The U.S. itself is arguably an achieved utopia. Many of the rights in our founding documents—freedom of speech, power-sharing government, right to firearms—are easy to find in earlier literature that was counted as utopian when it was produced. The mood of the 20th century was largely dystopian, thanks to the world wars and the Cold War, but a utopian mood is emerging. President Obama is fond of referring to the "American experiment" and the "more perfect union" the Constitution tasks us to achieve. You have to have a pretty tin ear not to hear the utopian echo of "more perfect."

Did you think about writing about "intentional communities" at the state level?

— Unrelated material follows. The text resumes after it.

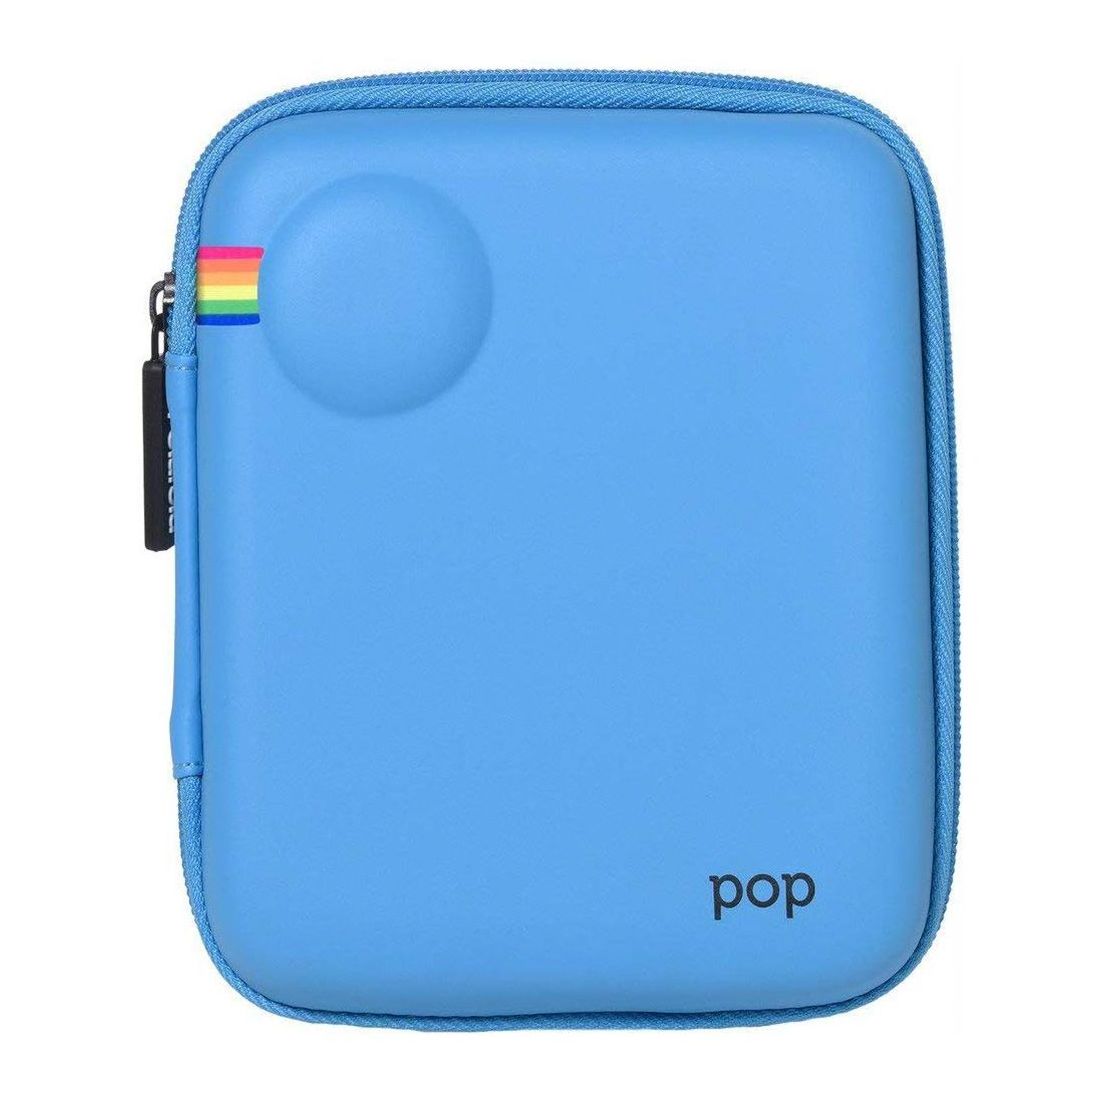 Polaroid Pop Instant Digital Camera Blue + Polaroid Snap for Smartphones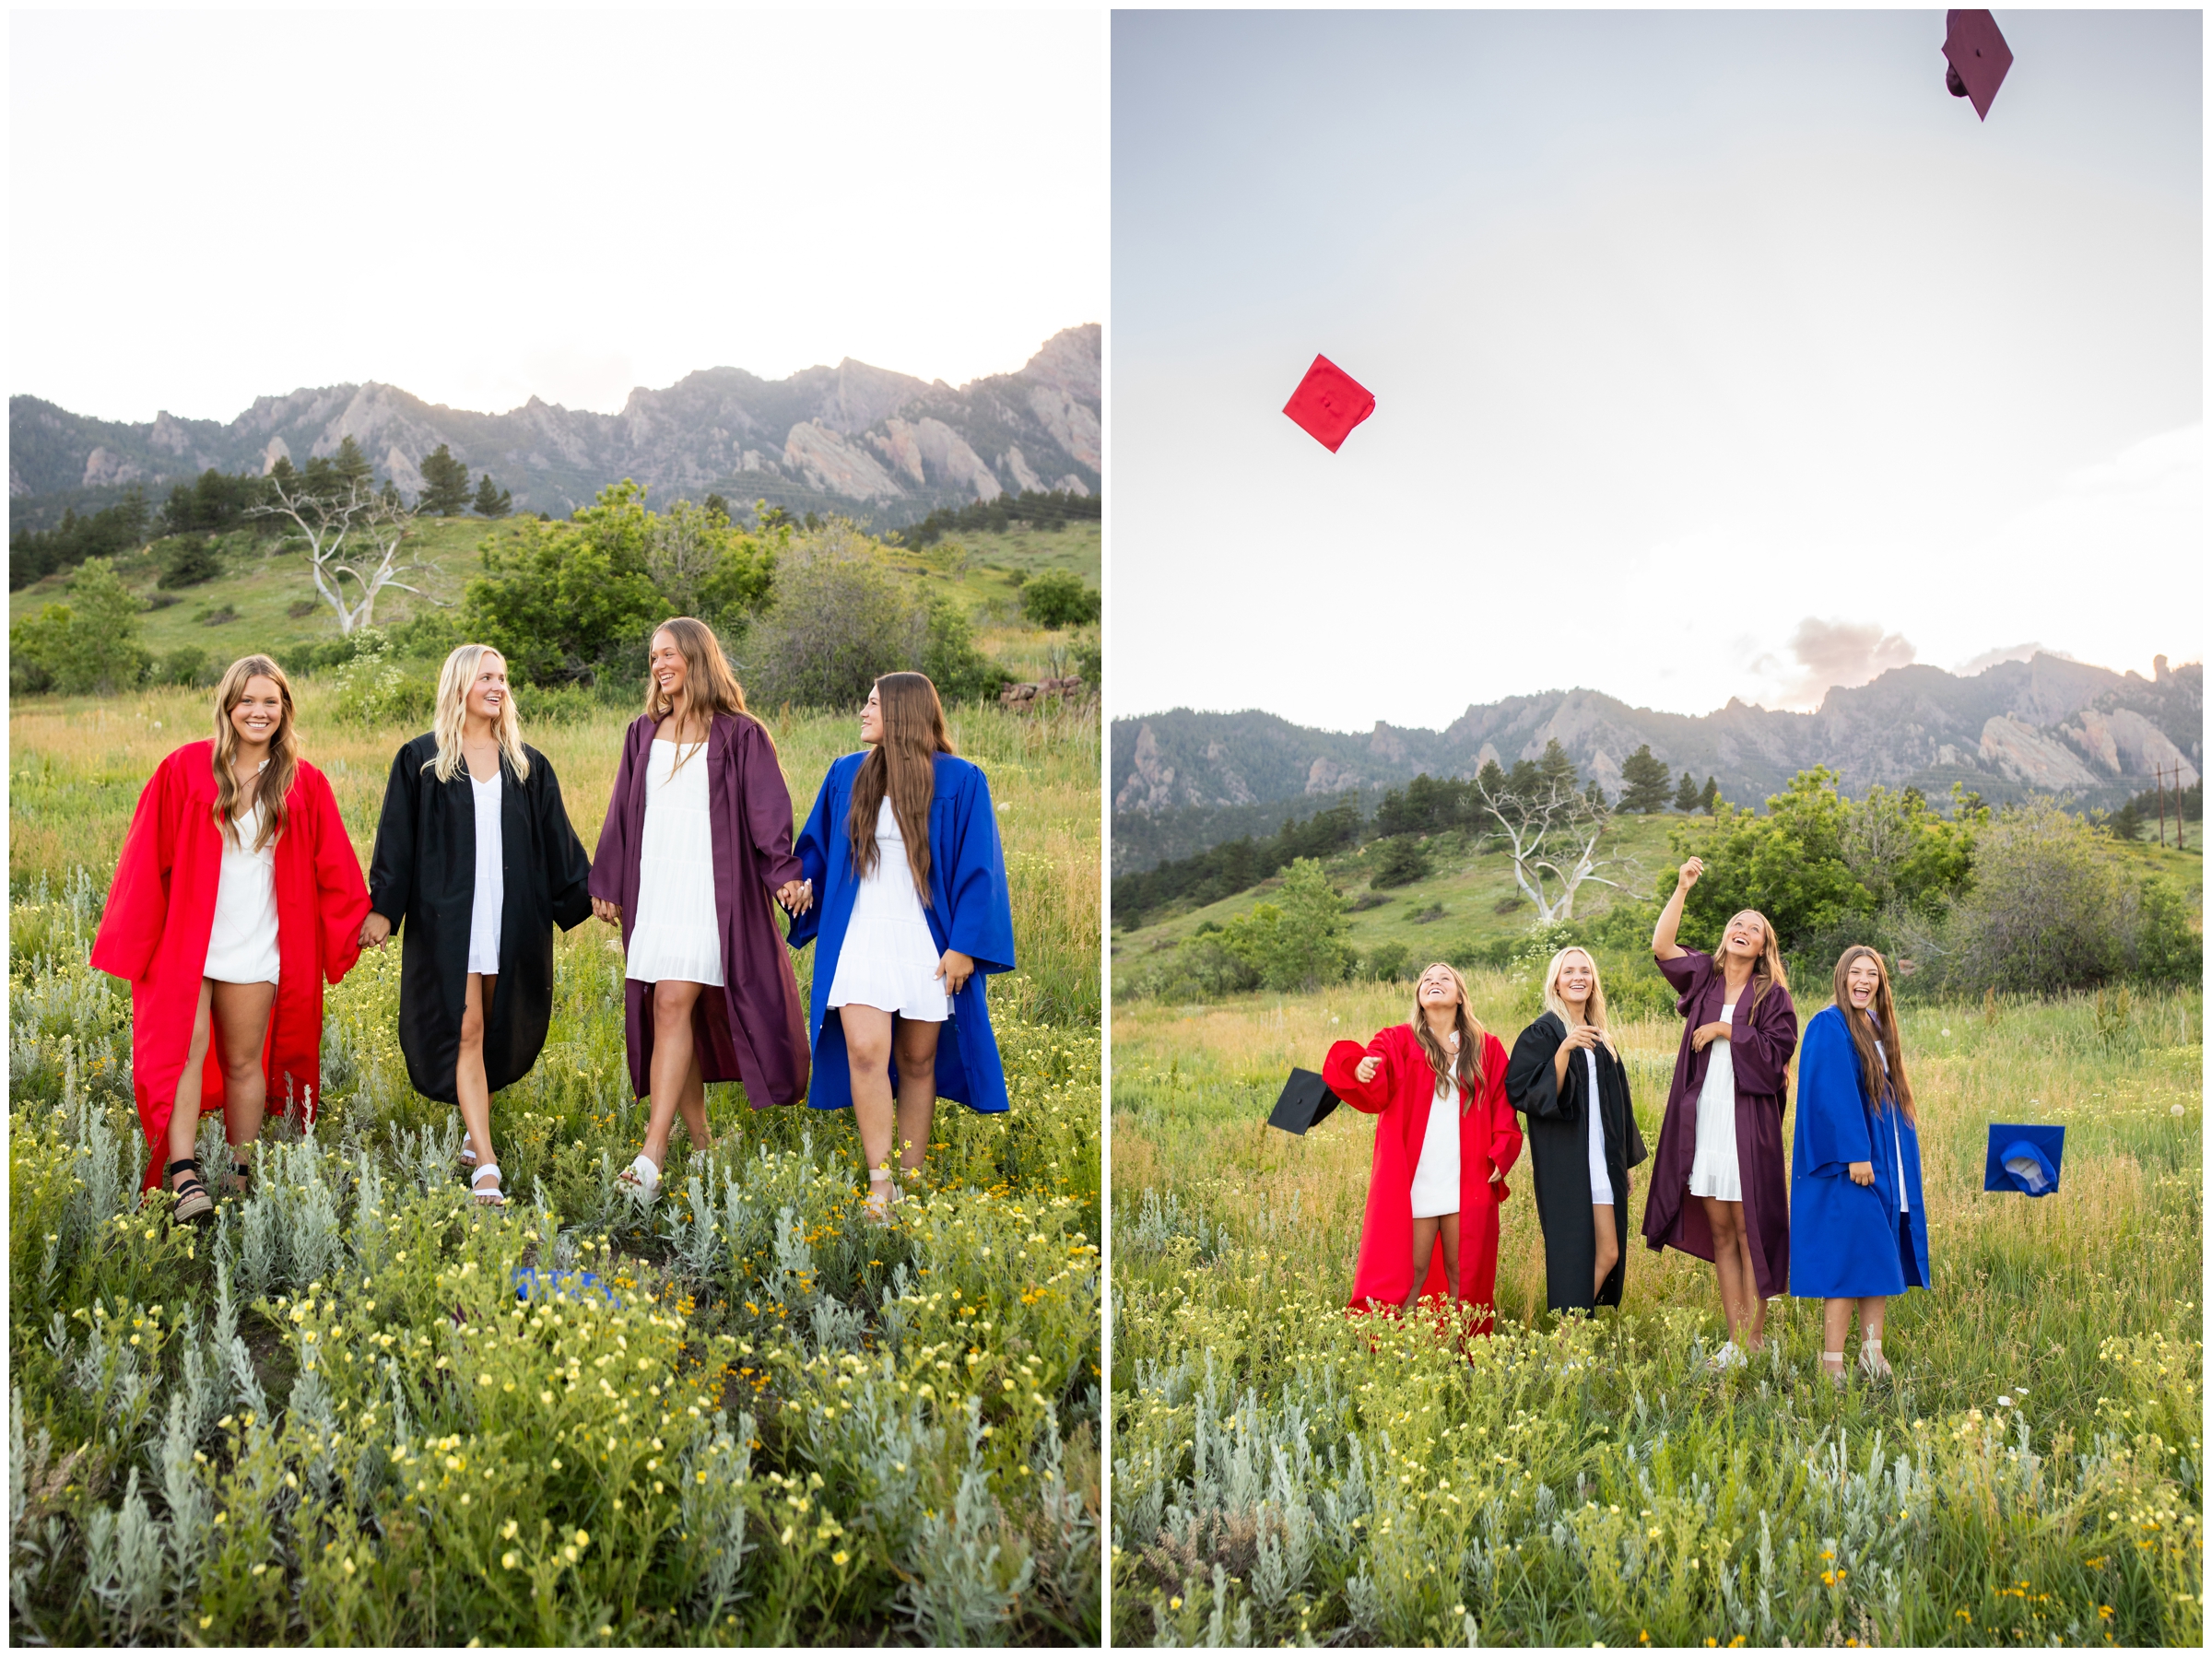 Boulder cap and gown graduation photos at South Mesa Trail by Colorado senior photographer Plum Pretty Photography

Yes, and this is how the idea of utopia begins to branch out. The book explores this in a section about the Slow Food movement and Italy. In attempting its own "globalization," the Slow Food movement, with chapters in more than 80 countries, is essentially trying an end run around the idea of the nation-state. The basic idea here is that "states" are drawn on ideological lines, not ecological lines.

You're very respectful (and plain fond) of so many of the utopians you write about. Were you surprised by your reaction to them?

I only expected to be critical of the gun utopia I visited—the gun school that hopes to build a master-planned community around its armories and shooting ranges—and while I tried to give them a fair shake, I didn't want to disguise my visceral reaction, which was pretty negative. As to the others, I felt that utopians fell on one of two paths—earnest or ironic—and I was interested in the earnest ones. The world has major problems that require grand, audacious solutions. The dystopian mood gives us a knee-jerk reaction to anything that seems too hopeful, too audacious. If we don't grow out of that, we're doomed.

Your subjects are so varied—do they share any common characteristics or is a yearning for utopia universal?

I noticed a lingering youthfulness, and a bullheaded resistance to reconciling oneself to a world less perfect than it might be. There was an inspiring selflessness. That these people often thought of themselves as failures for having failed to achieve the perfection they sought was tragic and moving. I took pains to demonstrate how earnest visions do, in fact, translate into progressive reality in one way or another. Utopian thought does make the world better—though the utopians themselves might be gone and forgotten before that impact is felt.